#### [Work to complete]
Reproduce the listing word for word, leaving every picture behind.

#### [Dataset excerpt]
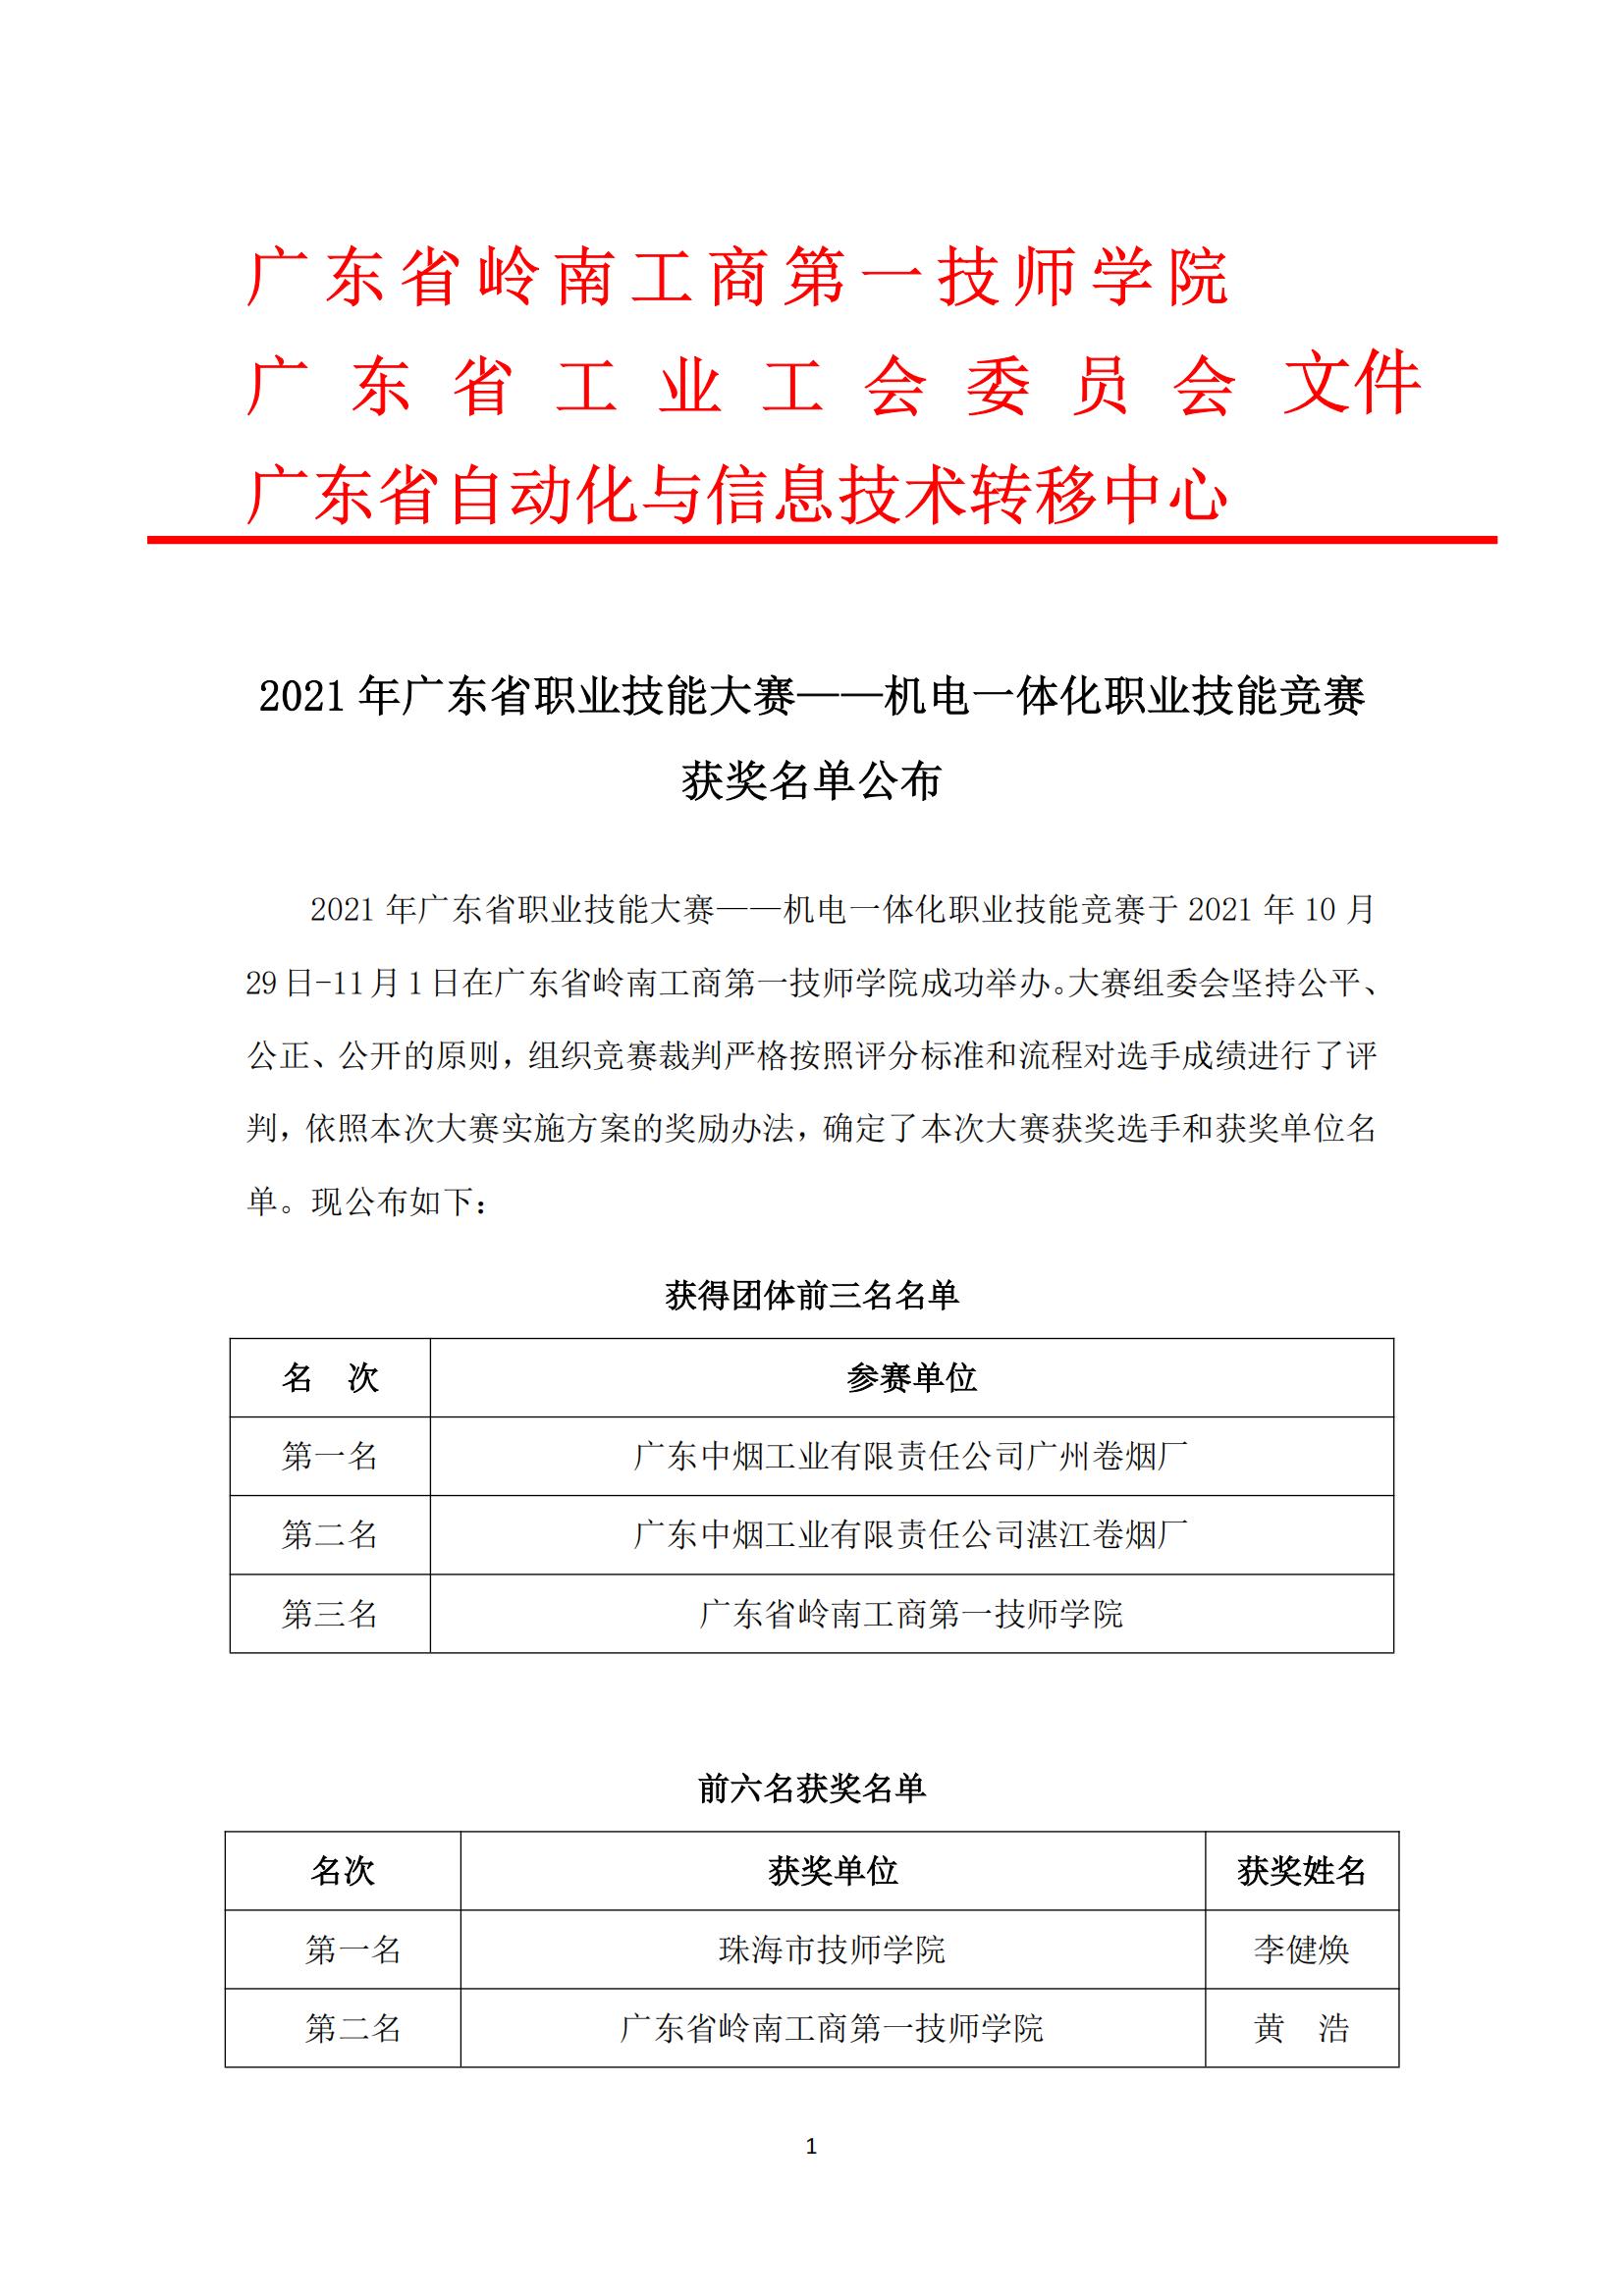 2021年广东省职业技能大赛——机电一体化职业技能竞赛获奖名单公布_00.jpg
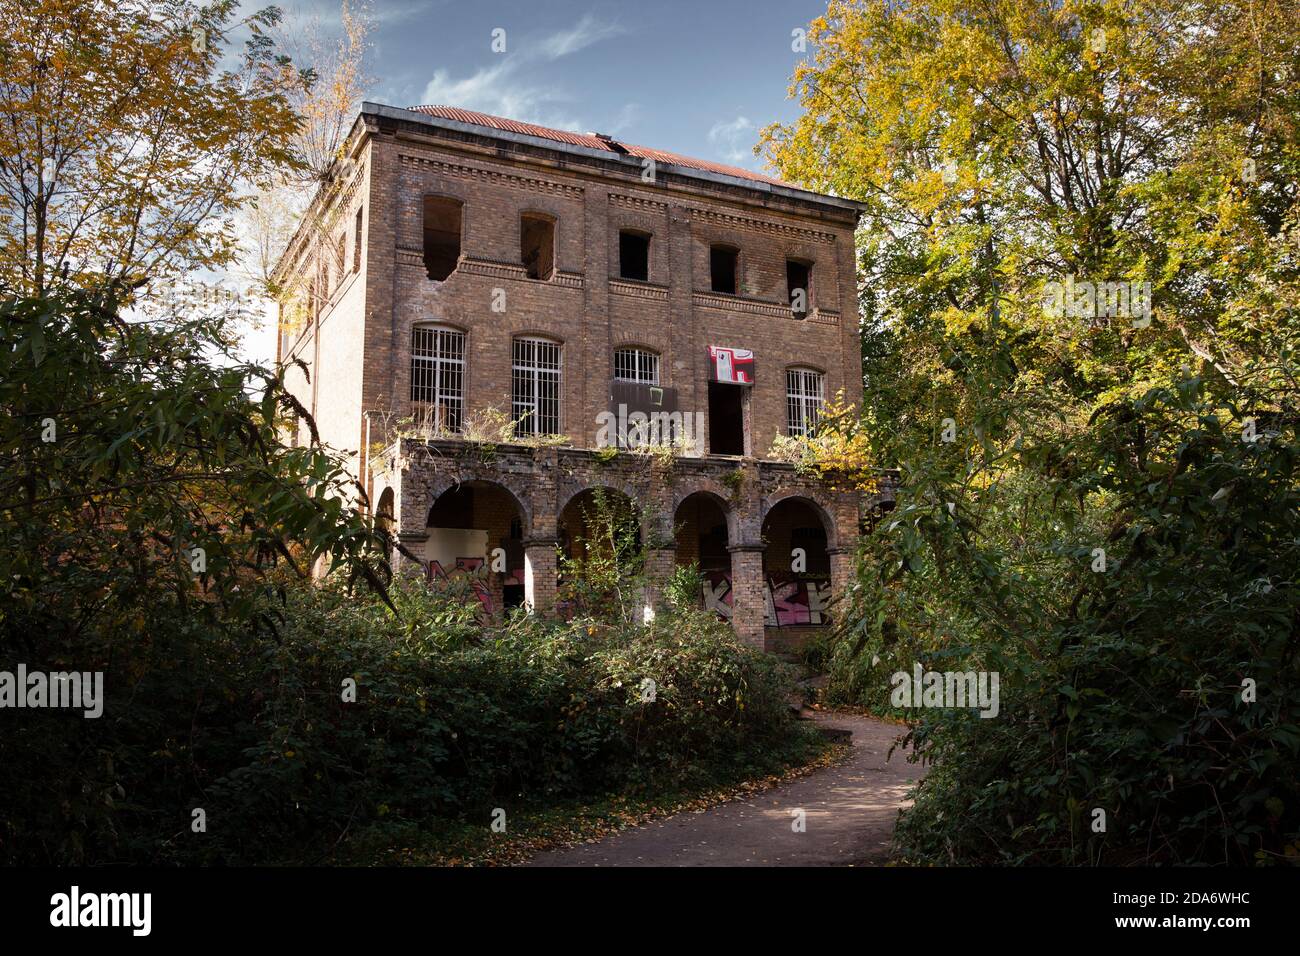 La casa Fuehlingen (Villa Oppenheim) en Neusser Landstrasse en Fuehlingen, casa fantasma, abandonado, vacante, Colonia, Alemania. Das Haus Fuehlingen (V Foto de stock
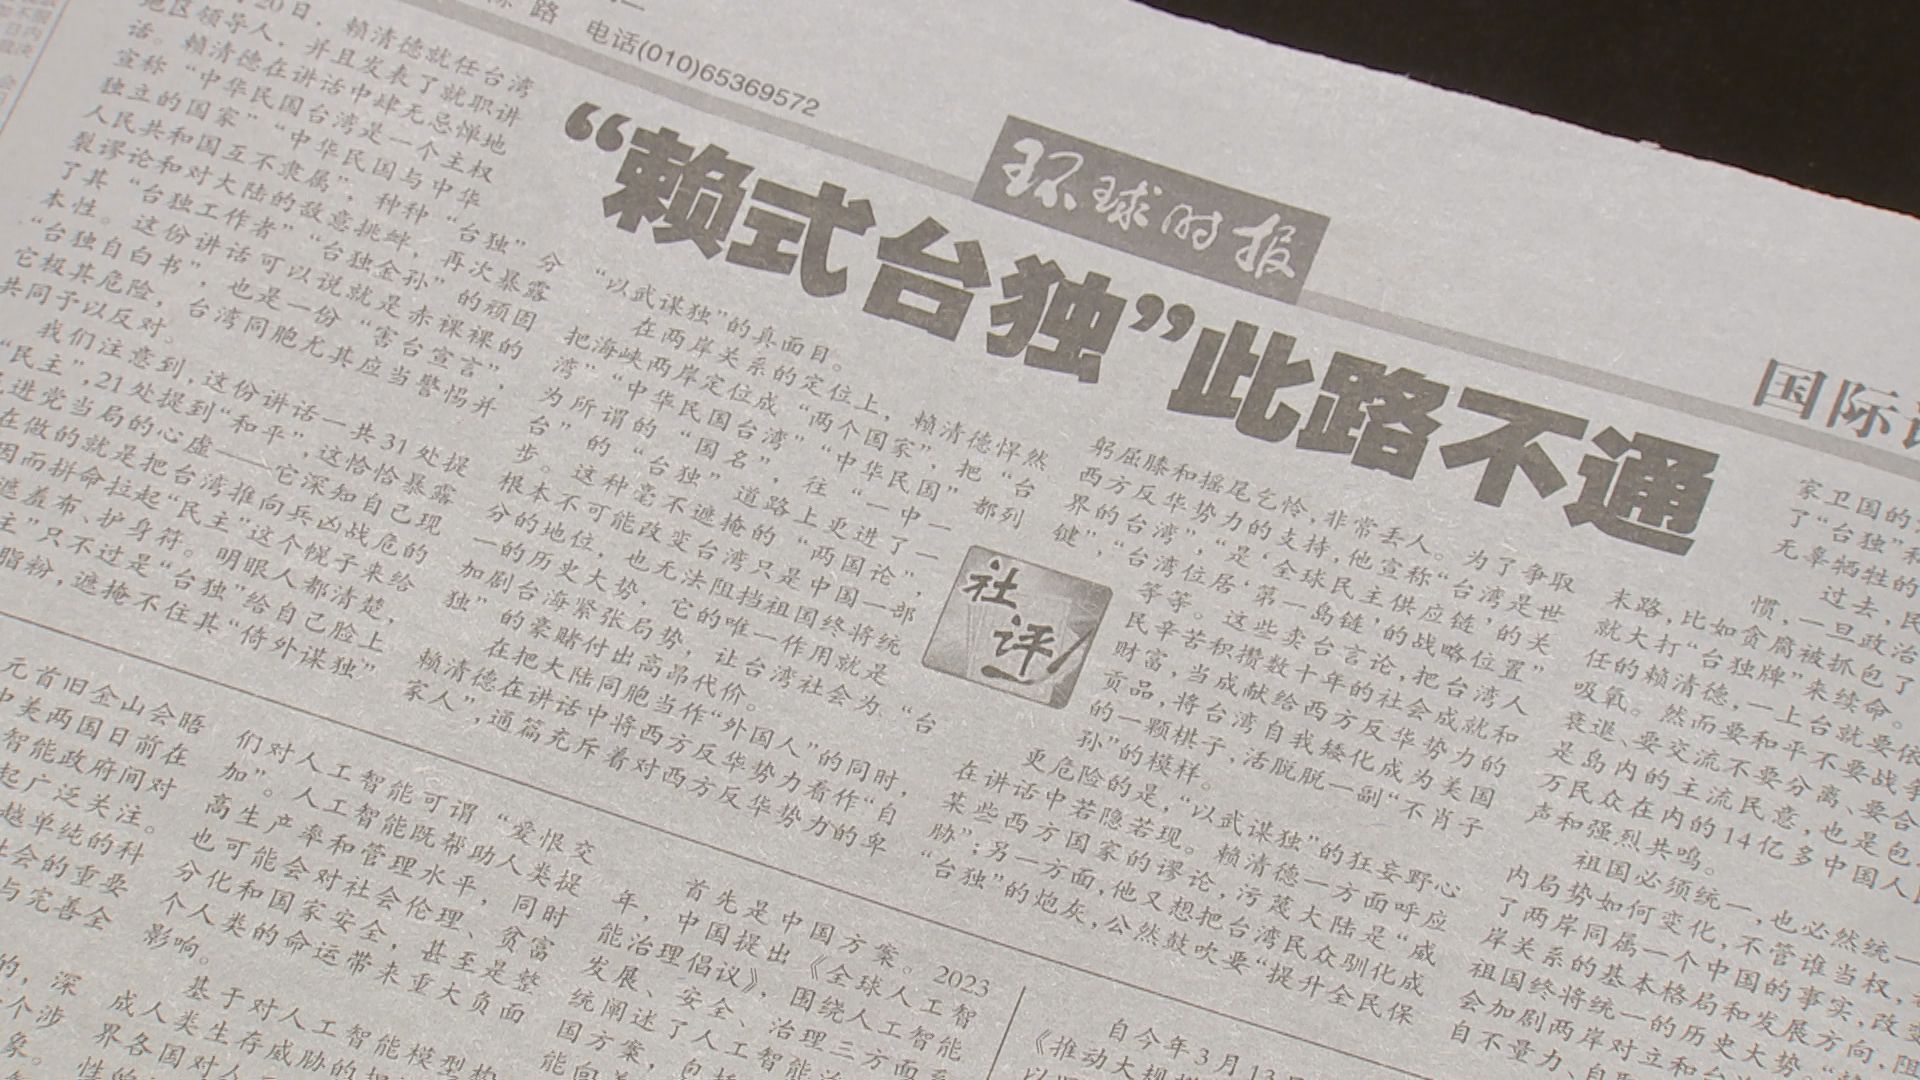 中国共産党国際紙「頼氏の台湾独立の道は行き止まり」と非難

#### [Solved exercise]
 2021年广东省职业技能大赛——机电一体化职业技能竞赛获奖名单公布_00.jpg
 La casa Fuehlingen (Villa Oppenheim) en Neusser Landstrasse en Fuehlingen, casa fantasma, abandonado, vacante, Colonia, Alemania. Das Haus Fuehlingen (V Foto de stock
 中国共産党国際紙「頼氏の台湾独立の道は行き止まり」と非難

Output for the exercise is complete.